I will suppose c0 is 1, else we divide with its square root, which should exist in the ground field for the coefficients. (Feel free to change the following code, so that c0 is also a general variable.)

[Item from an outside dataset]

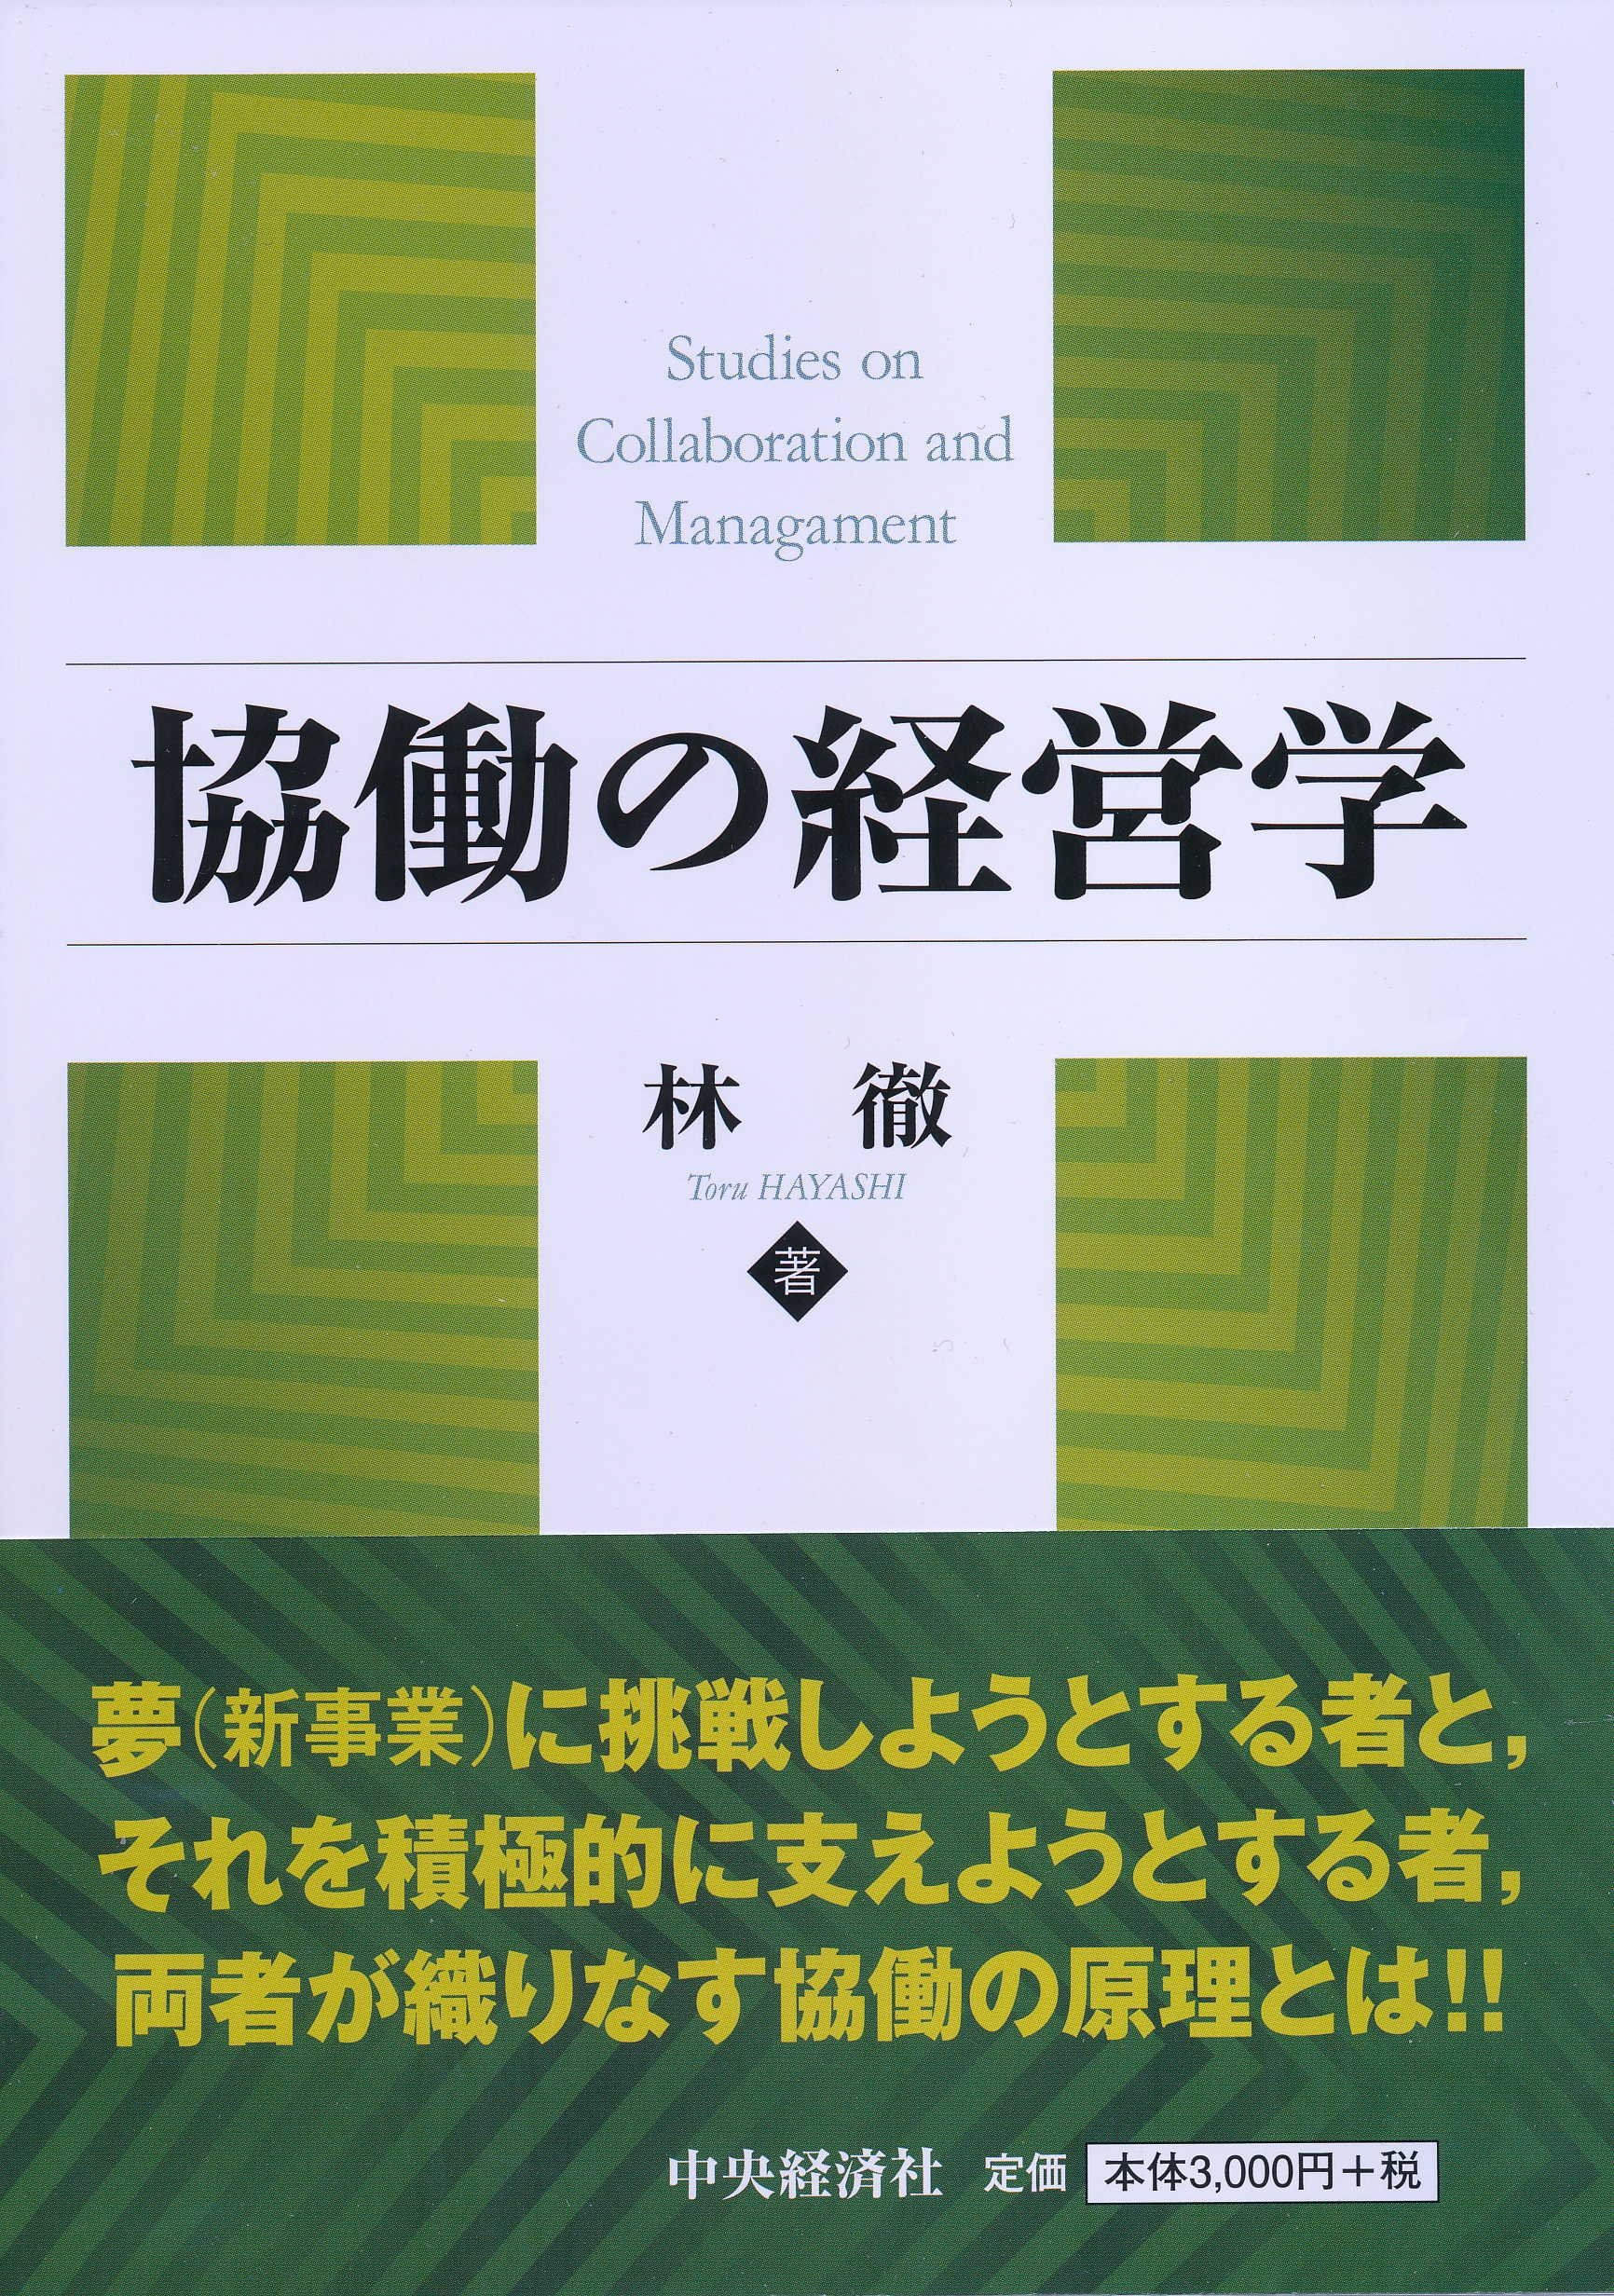 林 徹(長崎大学) 著 『協働の経営学』

The following does the job for me:

c = [1,] + list( var( 'c1,c2,c3,c4,c5,c6' ) )
print "c is", c
var( 'x' );
T = taylor( sqrt( 1 + sum( [ c[k]*x^k for k in [1..6] ] ) ), x, 0, 6 )
# print T # for a long story
print "T has the following coefficients:"
for coeff, deg in T.coefficients( x ):
print "Degree %s: %s" % ( deg, coeff )


Results:

c is [1, c1, c2, c3, c4, c5, c6]
x
T has the following coefficients:
Degree 0: 1
Degree 1: 1/2*c1
Degree 2: -1/8*c1^2 + 1/2*c2
Degree 3: 1/16*c1^3 - 1/4*c1*c2 + 1/2*c3
Degree 4: -5/128*c1^4 + 3/16*c1^2*c2 - 1/8*c2^2 - 1/4*c1*c3 + 1/2*c4
Degree 5: 7/256*c1^5 - 5/32*c1^3*c2 + 3/16*c1*c2^2 + 1/16*(3*c1^2 - 4*c2)*c3 - 1/4*c1*c4 + 1/2*c5
Degree 6: -21/1024*c1^6 + 35/256*c1^4*c2 - 15/64*c1^2*c2^2 + 1/16*c2^3 - 1/32*(5*c1^3 - 12*c1*c2)*c3 - 1/8*c3^2 + 1/16*(3*c1^2 - 4*c2)*c4 - 1/4*c1*c5 + 1/2*c6

more

Somebody wanted really to see the c(0) squared appearing explicitly at all places and/or c(1), c(2), c(3), c(4), c(5), c(6) instead of c1, c2, c3, c4, c5, c6... else i cannot figure out the reason for the downgrade.

(There was some effort to make the output shorter and without this obvious squared root, so that the result is an algebraic, weighted homogenous expression in each x^k with predictible polynomials in c(1)^k and c(k)... This was the reason for setting c(0)=1 explicitly.)

Next time the solution will be:

Copy+format the given code:

k, z = var( 'k,z' );
c = function('c')
p = sum( c(k)*z^k, k, 0, 6 )


Then deliver the one line solution

T = taylor( sqrt(p), z, 0, 6 )


as required till degree 6 without showing the lenghty answer.